§ **Exercise requirements**:
Your answer must be the exact lines from the one with "juku-invite-calligraphy-wedding" to the end of the data, both included, with no pictures.

§ **Recorded information**:

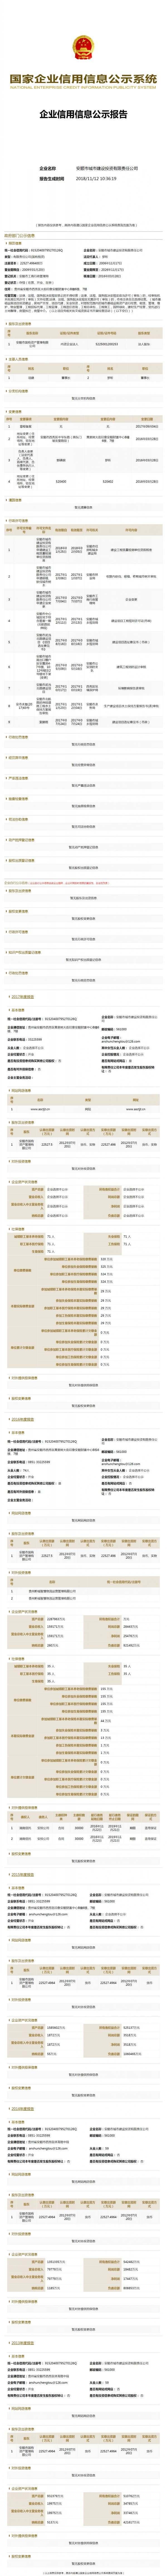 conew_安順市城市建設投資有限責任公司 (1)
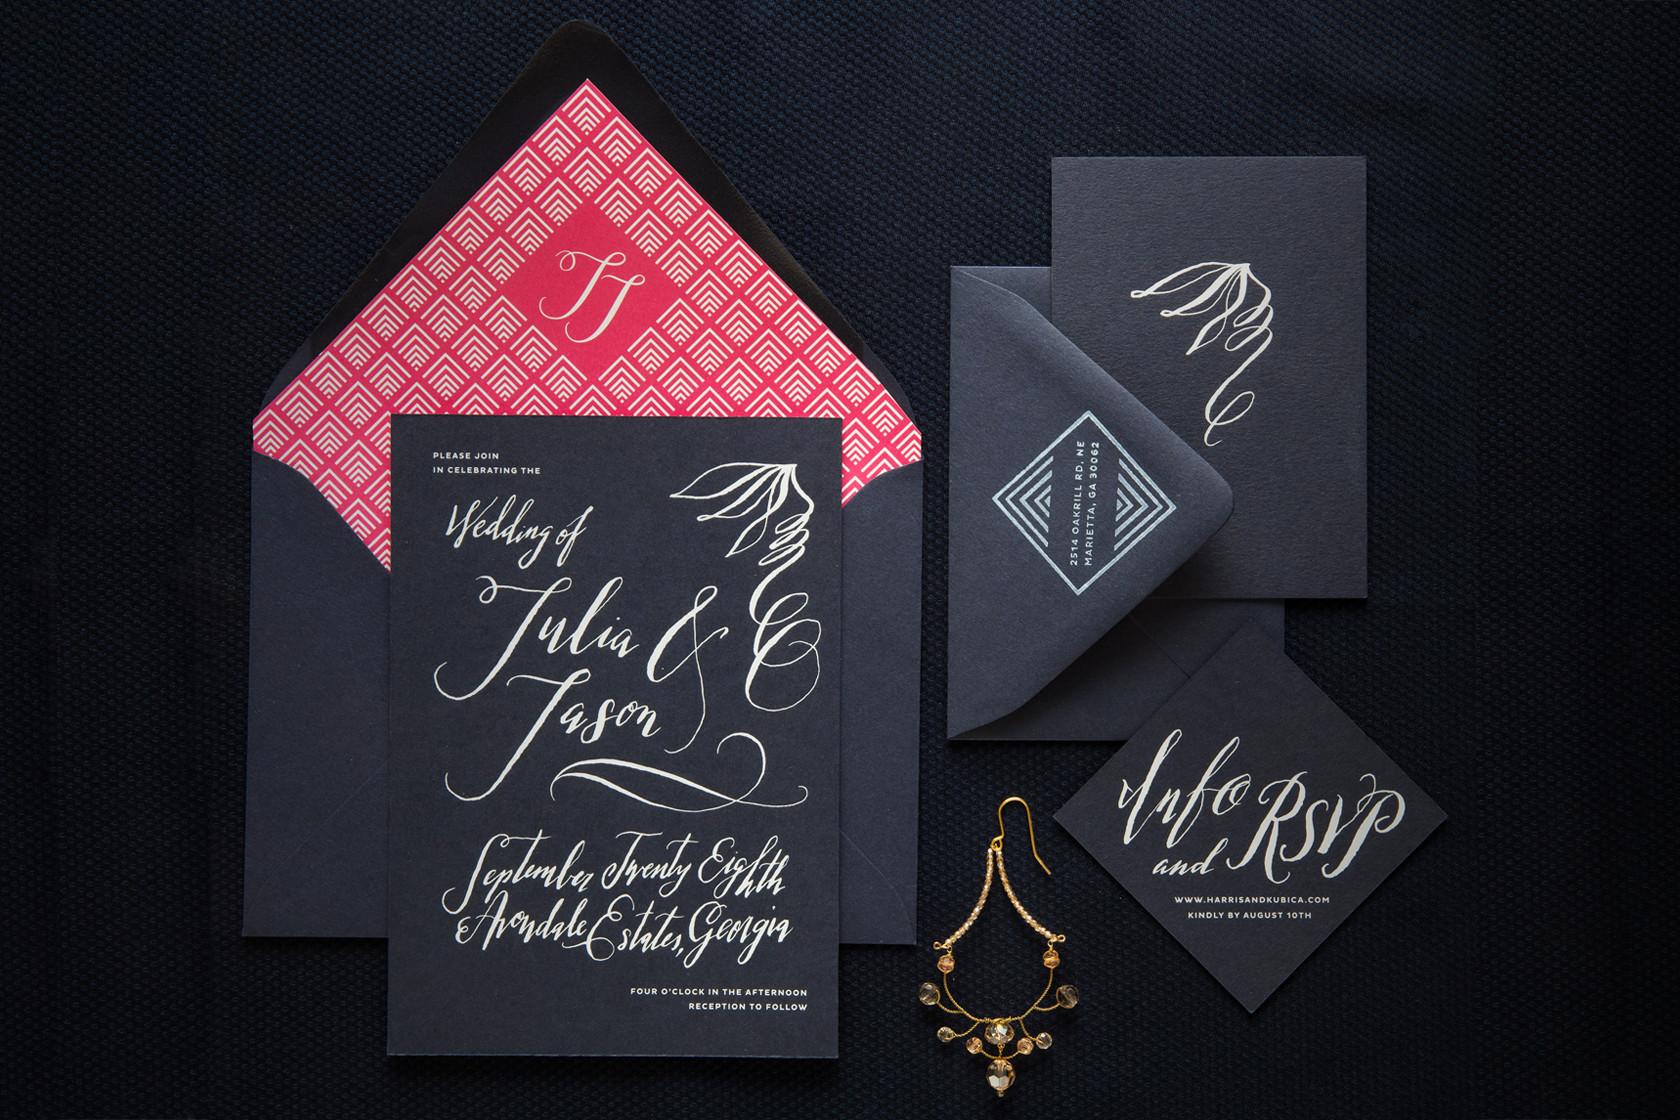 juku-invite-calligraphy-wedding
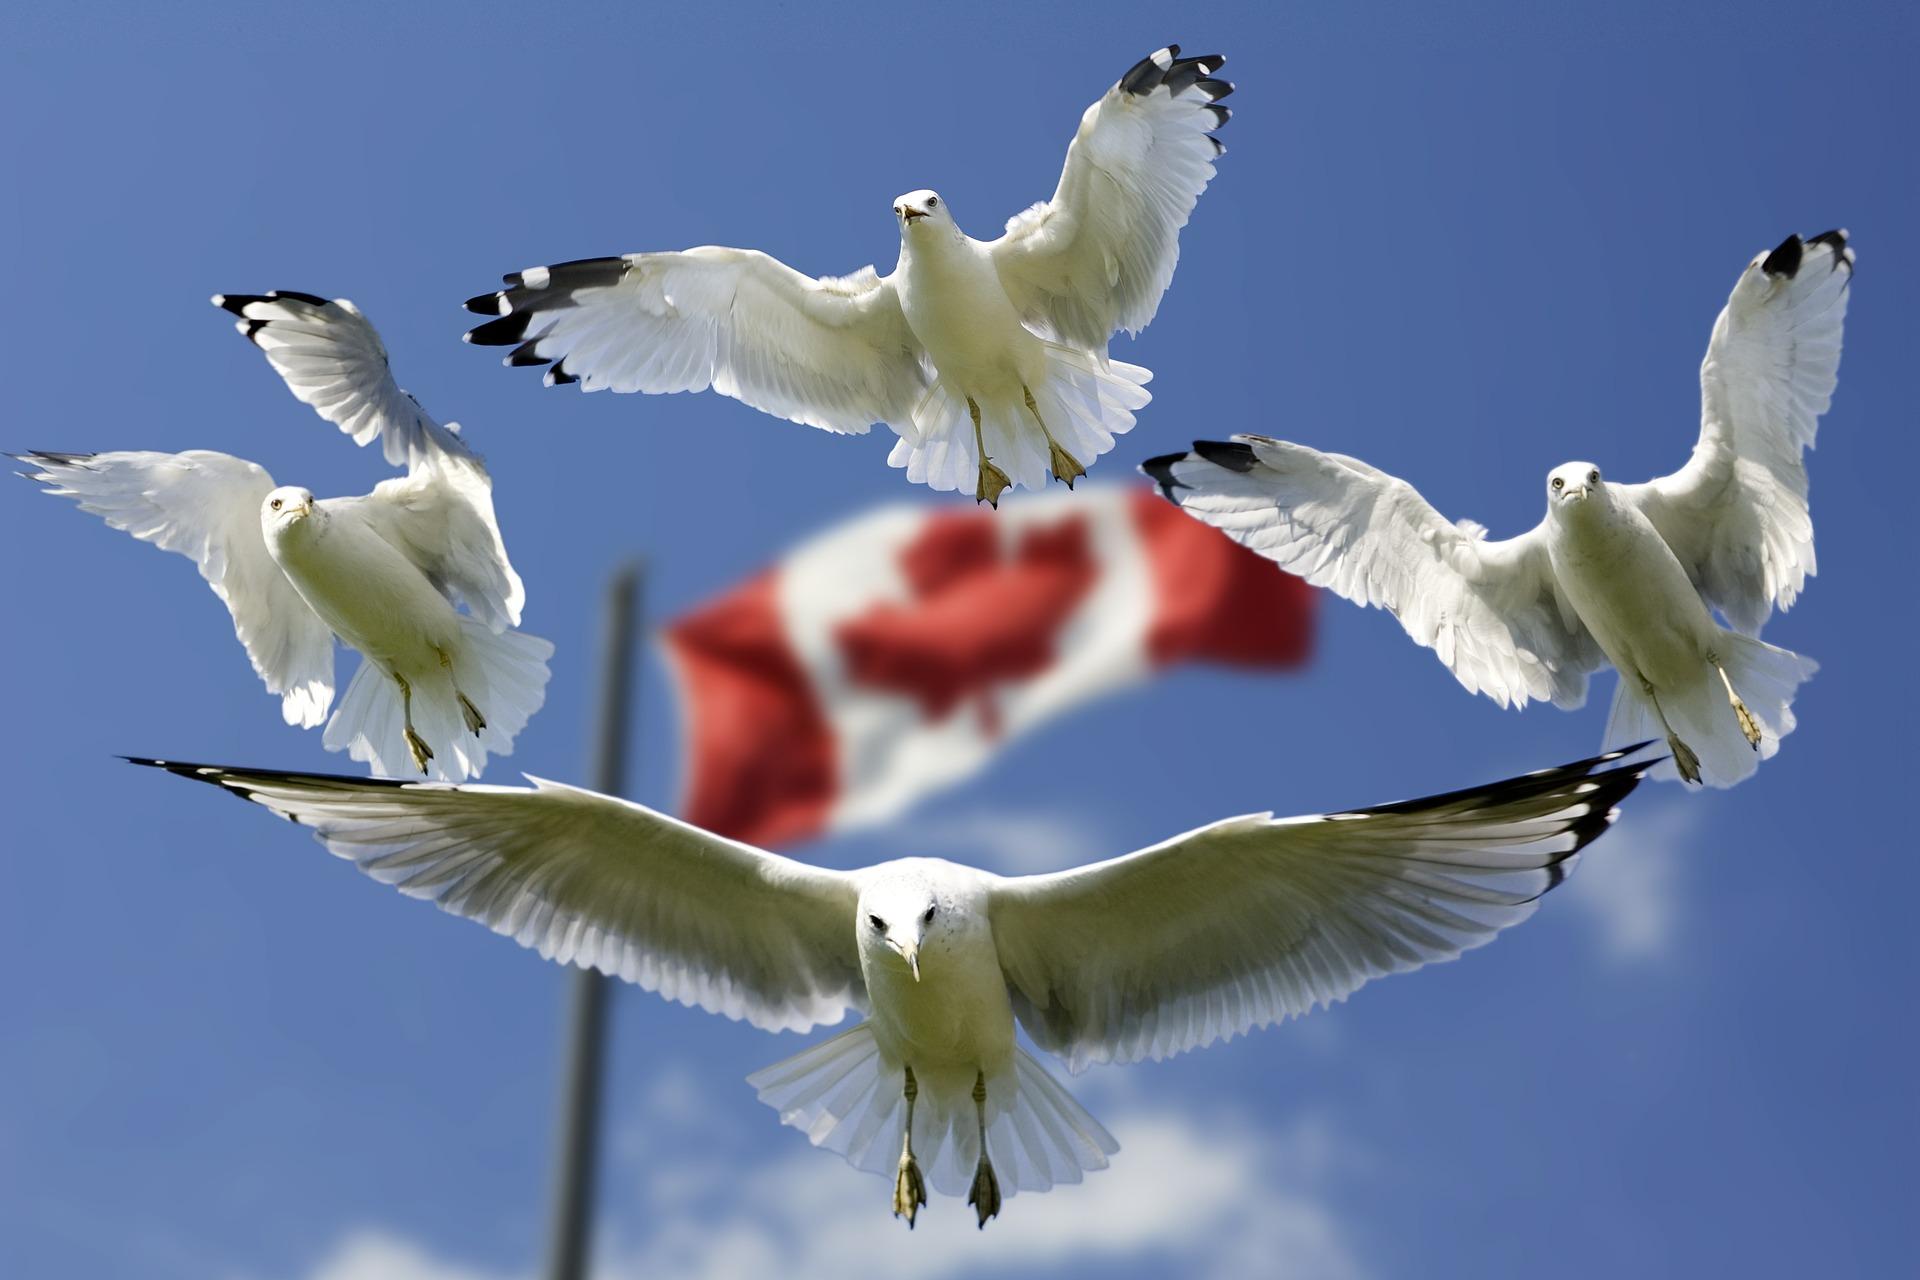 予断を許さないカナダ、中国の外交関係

§ **Answer box**:
 juku-invite-calligraphy-wedding
 予断を許さないカナダ、中国の外交関係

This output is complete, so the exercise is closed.